Raft — Core Mechanisms
| Item | Description |
Leader Election | One leader handles all client requests. Term numbers increase monotonically. Candidate requests votes; majority wins. |
Log Replication | Leader appends entries to its log, sends AppendEntries RPCs to followers. Entry is committed once replicated to a majority. |
Safety | Leader never overwrites committed entries. At most one leader per term. Election restriction: candidate's log must be at least as up-to-date as voter's. |
Membership Changes | Joint consensus: transition through intermediate configuration that includes both old and new servers. Two-phase approach prevents split-brain. |
Log Compaction | Snapshotting: periodically write entire state to disk, discard old log entries. InstallSnapshot RPC for slow followers. |
Heartbeat Timer | Election timeout randomized (150-300 ms typical). Leader sends heartbeats every `timeout/2` to prevent spurious elections. |
Paxos — The Classic
| Item | Description |
Basic Paxos | Three roles: Proposers, Acceptors, Learners. Two-phase protocol: Prepare/Promise, then Accept/Accepted. Quorum size = majority (2f+1 for f failures). |
Multi-Paxos | Elect distinguished proposer (leader) to skip Prepare phase for most commands. Leader issues Accept directly with monotonically increasing instance IDs. |
Phase 1: Prepare | Proposer picks proposal number `n` higher than any it has used. Sends Prepare(n) to all acceptors. Each acceptor promises to reject proposals < n. |
Phase 2: Accept | If proposer receives promises from majority, sends Accept(n, value). Value is either its own or the highest-numbered value from Promise replies. |
Liveness vs Safety | Paxos guarantees safety (no two values chosen for same instance) even with failures.

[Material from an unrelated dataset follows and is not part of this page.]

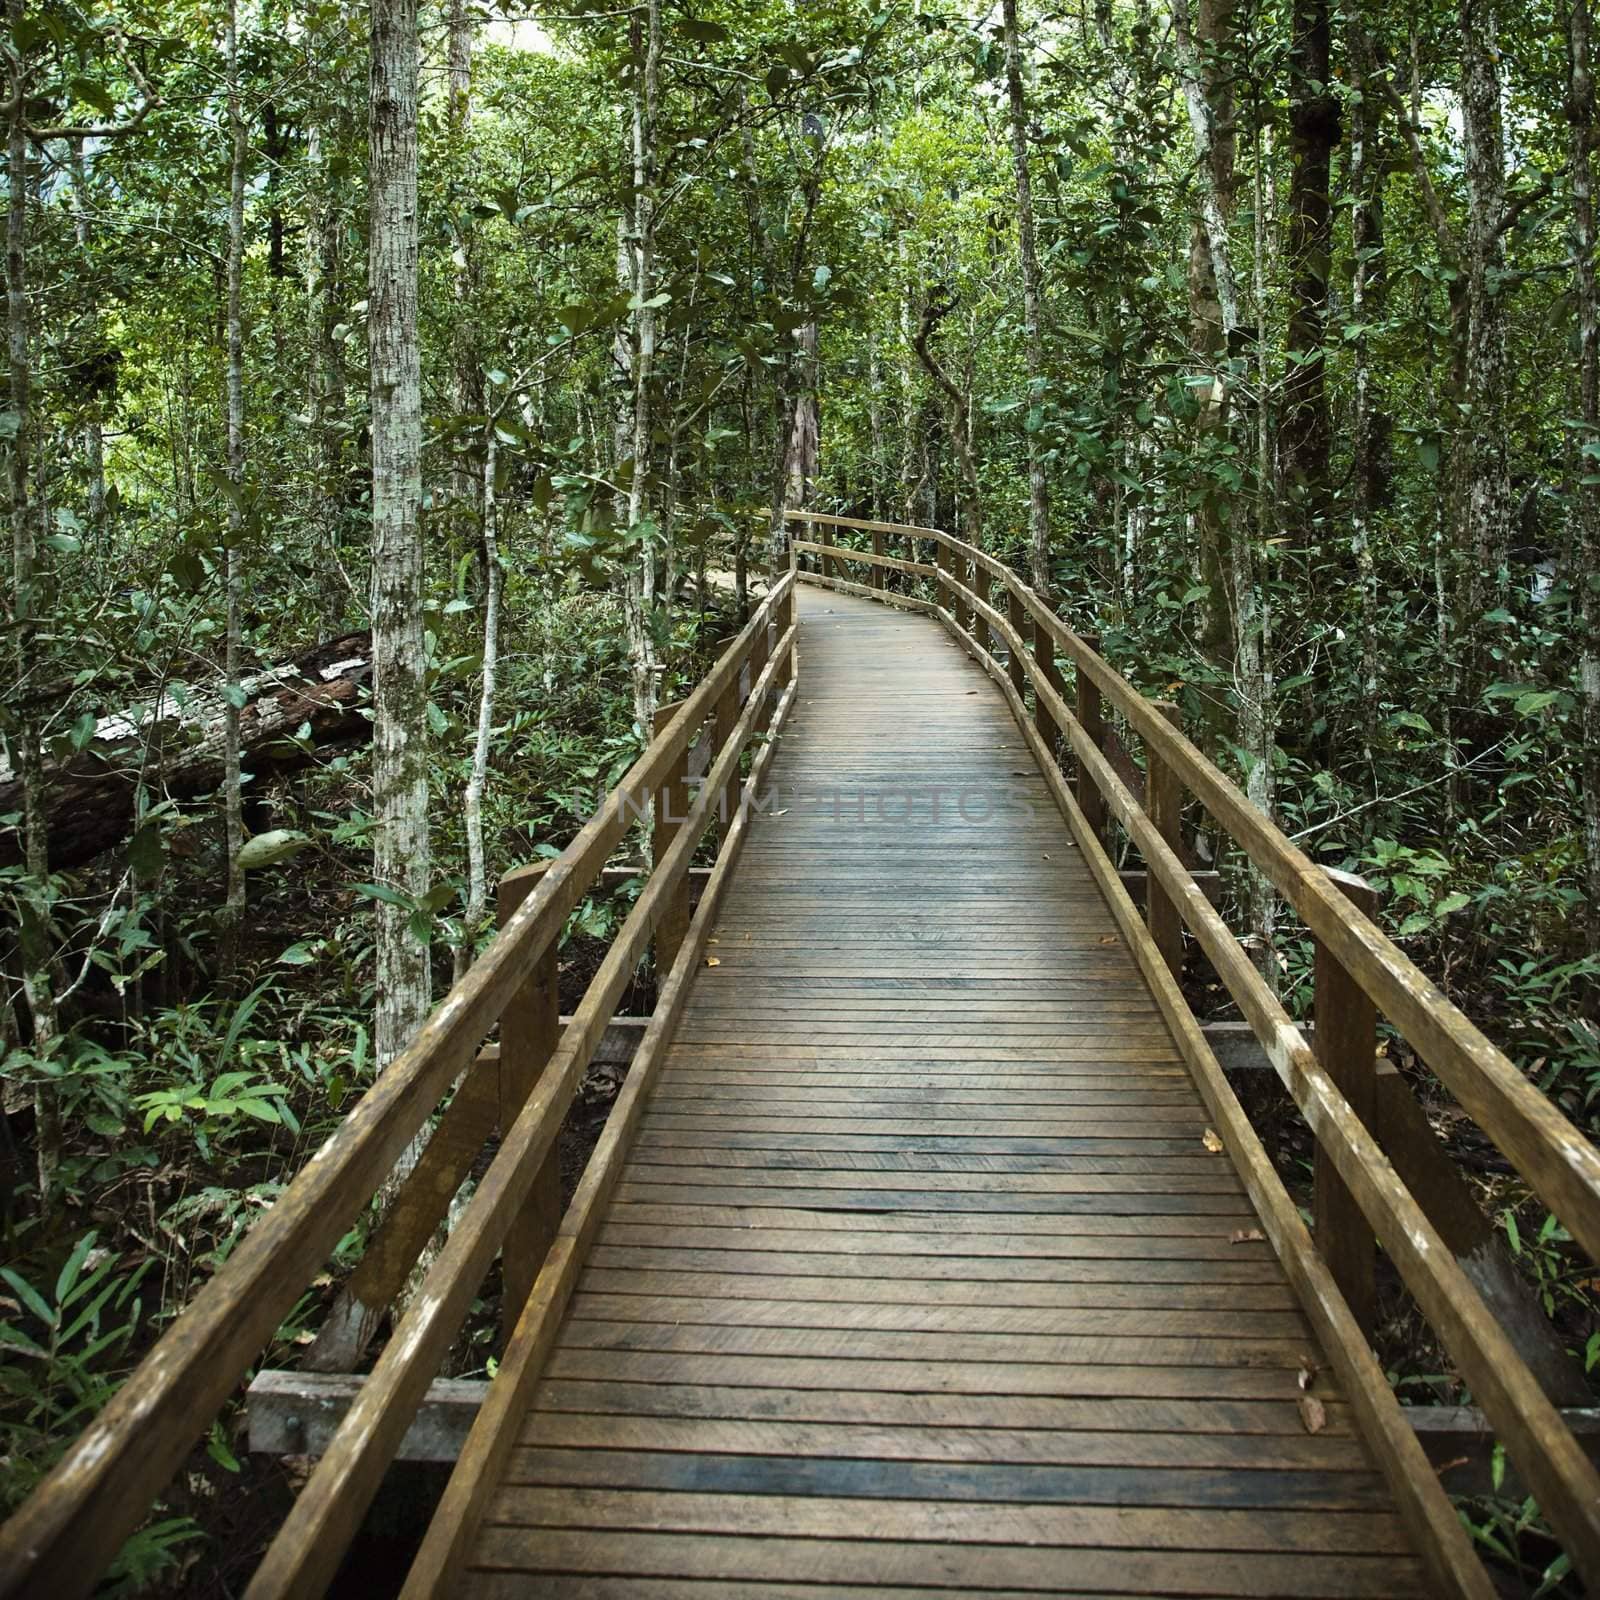 Wooden boardwalk through forest in Daintree Rainforest, Australia.

Liveness requires distinguished leader to prevent dueling proposers. |
Practical Variants | Cheap Paxos (fewer acceptors), Fast Paxos (bypass leader for uncontended writes), EPaxos (leaderless, low-latency across WAN). |
Consensus Algorithm Comparison
| Algorithm | Fault Model | Leader? | Performance | Complexity | Use Cases |
| Raft | Crash-fault | Yes — strong | High throughput | Moderate | etcd, Consul, TiKV, CockroachDB |
| Multi-Paxos | Crash-fault | Yes — weak | High throughput | High | Chubby, Spanner, Google File System |
| Basic Paxos | Crash-fault | No | Low (2 rounds) | High | Theoretical foundation, teaching |
| PBFT | Byzantine (f < n/3) | Rotating | Moderate (3 phases) | Very High | Hyperledger Fabric, Zyzzyva |
| Viewstamped Replication | Crash-fault | Yes | Moderate | Moderate | NuoDB, academic systems |
| EPaxos | Crash-fault | No (leaderless) | Low latency WAN | High | Geo-distributed databases |
Byzantine Fault Tolerance
| Item | Description |
PBFT (Practical BFT) | Tolerates up to f < n/3 Byzantine nodes. Three phases per request: Pre-Prepare, Prepare, Commit. Each requires 2f+1 matching messages. |
View Change | If primary is suspected faulty, replicas initiate view change. New primary = v+1 mod n. Must carry over prepared requests to new view. |
Tendermint / HotStuff | Modern BFT: leaders propose blocks, validators vote. Pipelined consensus for high throughput. Used by Cosmos blockchain and Facebook's Libra/Diem. |
Blockchain Consensus | Nakamoto consensus (PoW): probabilistic finality, open membership. PoS (Ethereum 2.0): validators stake, slashing conditions for safety. |
BFT Limitations | 3x replication minimum. All-to-all communication O(n²) per round. Latency-sensitive — single slow node delays the whole system. |
Asynchronous BFT | FLP impossibility: deterministic consensus impossible with even one faulty node in async model. Practical systems use partial synchrony (eventual message delivery). |
Pro Tip: Raft was designed for understandability — if you're learning consensus from scratch, start there. Paxos is the theoretical foundation, Raft is the practical implementation.